Wir haben bei meinem Entwicklungsgespräch darüber gesprochen, das bei Hyva jedes Jahr stattfindet. Vor allem die Tatsache, dass ich zuvor erfolgreich eine Ausbildung als Geschäftsinformatik-Assistent abgeschlossen und mich häufig interessiert an IT-Themen gezeigt hatte, kam dabei zur Sprache. Ich hatte mein Interesse an dieser Art von Arbeit auch ausdrücklich bekundet. Nach einer Weile wurde mir das Angebot gemacht, eine weitere Schulung zum IT-Ingenieur für den technischen Support zu machen, was ich gerne angenommen habe. Ich habe die Zertifizierungsschulung bei einem externen Dienstleister erfolgreich abgeschlossen. Neben den Schulungskosten hat das Unternehmen auch all meine Kosten für Unterkunft und Reisen bezahlt, und die Stunden wurden mir als Arbeitsstunden angerechnet. Schon während der Schulung wurde ich von meinen Kollegen in der Hauptgeschäftsstelle getestet. Schritt für Schritt bei meiner Schulung haben sie mir Zugangsrechte und selbständig zu erledigende Aufgaben übertragen. Wir haben in Olbersdorf keine eigene IT-Abteilung, daher hat ein freiberuflicher IT-Dienstleister mir alles Notwendige gezeigt und für mich eine Schulung mit praktischer Ausrichtung abgehalten. Nach Bestehen meiner Prüfung werde ich offiziell von dem IT-Team in der Hauptgeschäftsstelle in Alphen aan den Rijn willkommen geheißen. Die Einladung bietet mir die Möglichkeit, das Team persönlich kennenzulernen und ihnen über die Schulter zu sehen, um etwas über ihre Aufgaben und Prozesse zu lernen.

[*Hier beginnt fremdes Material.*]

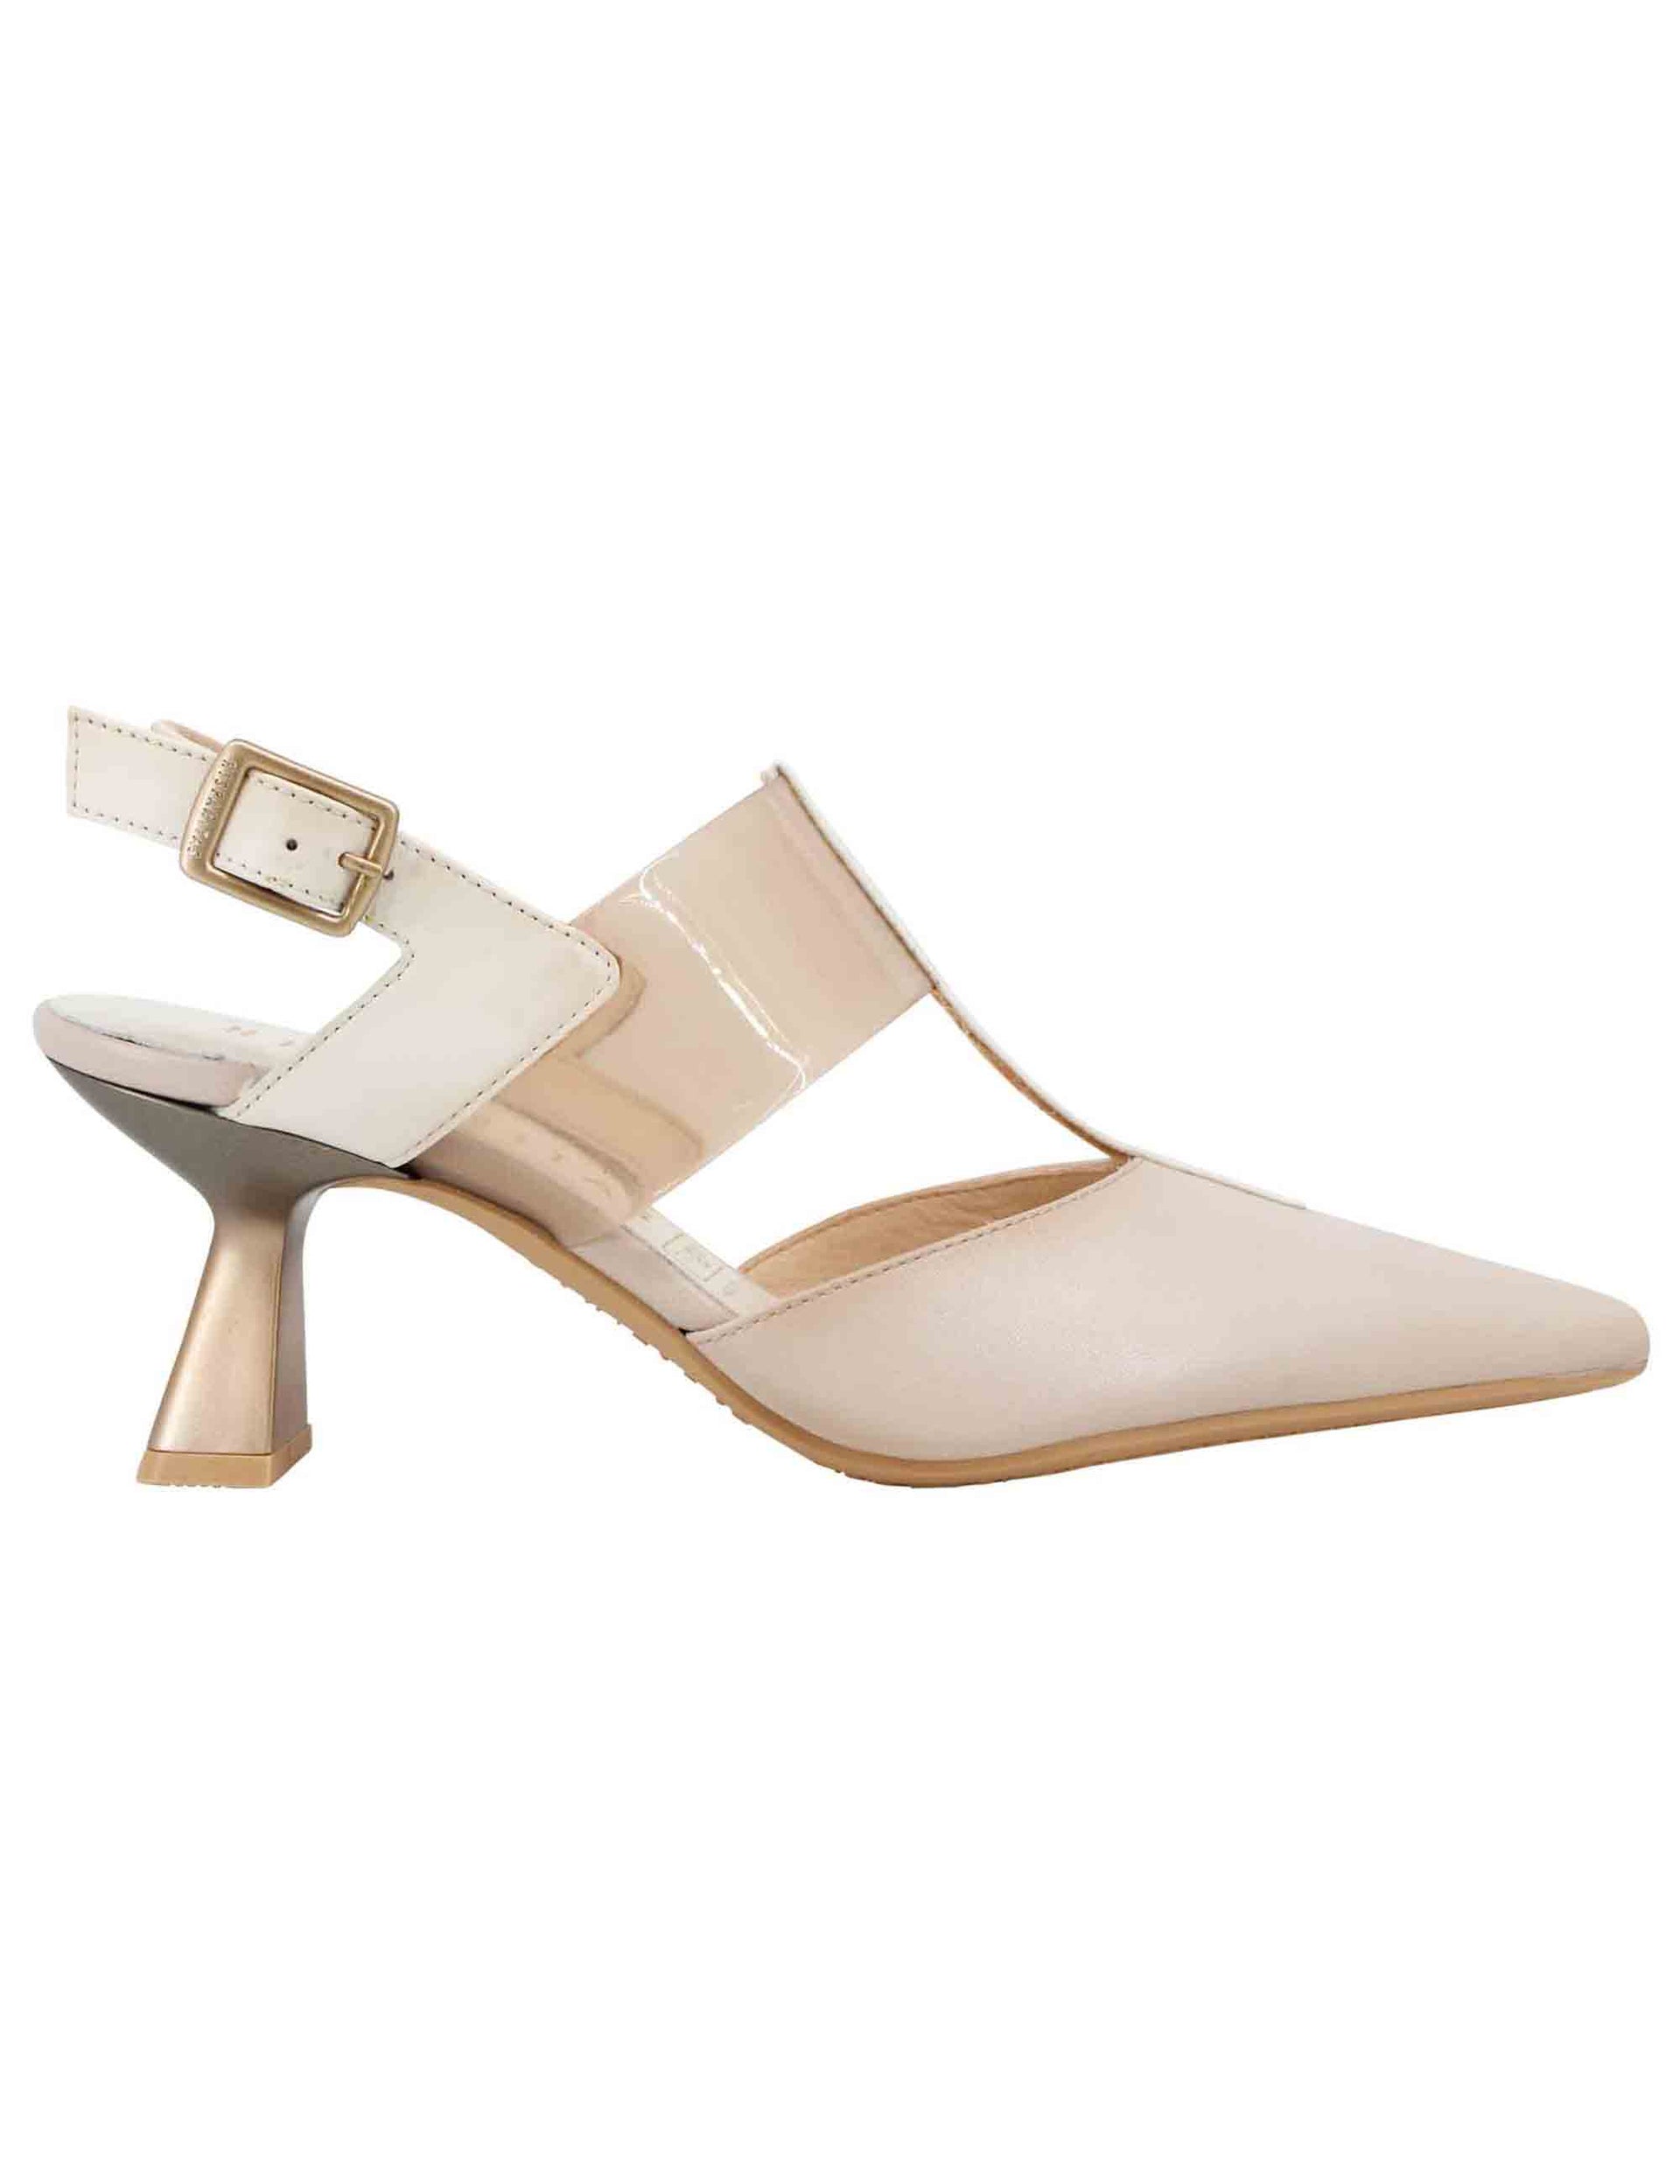 Women's slingback pumps in beige leather with pointed toe

Wie können Sie sich in Ihrer Position bei Hyva weiterentwickeln?

Das Vertrauen, das hier in mich gesetzt wurde, hat mir die Chance gegeben, an meinen Herausforderungen zu wachsen. Selbst in der Anfangsphase konnte ich kleine IT-Aufgaben übernehmen, wie die Installation des Telefonsystems. Als ich ernsthaft mit meiner Arbeit als IT-Ingenieur für den technischen Support begann, wurde mir der Vorschlag gemacht, den IT-Support für alle unsere deutschen Standorte zu übernehmen, was jetzt mein Ziel ist. Außerdem möchte ich meine Kenntnisse zur Server- und Netzwerktechnologie durch weitere Schulungen erweitern.

Dies ist Ihr 11. Jahr bei Hyva. Welchen Rat würden Sie jemandem geben, der heute erst anfängt?

Ich würde der Person raten, Leidenschaft und Arbeitswillen zu zeigen. Das hat bei mir gut funktioniert.

Zum Schluss möchte ich noch wissen, was Hyva Ihrer Ansicht nach einzigartig macht?

Das Vertrauen, welches das Unternehmen seinen Mitarbeitern entgegenbringt. Es ist ein internationales Unternehmen und bietet die Gelegenheit, mit Personen mit verschiedenen kulturellen Hintergründen zusammenzuarbeiten, was für mich eindeutig ein Plus ist. Ich weiß es auch zu schätzen, wie flexibel und voller Unternehmergeist Hyva ist. Hyva ist in seinem Betrieb nicht zu eingefahren, um die Wünsche der Mitarbeiter zu berücksichtigen, zum Beispiel spontane Urlaubstage.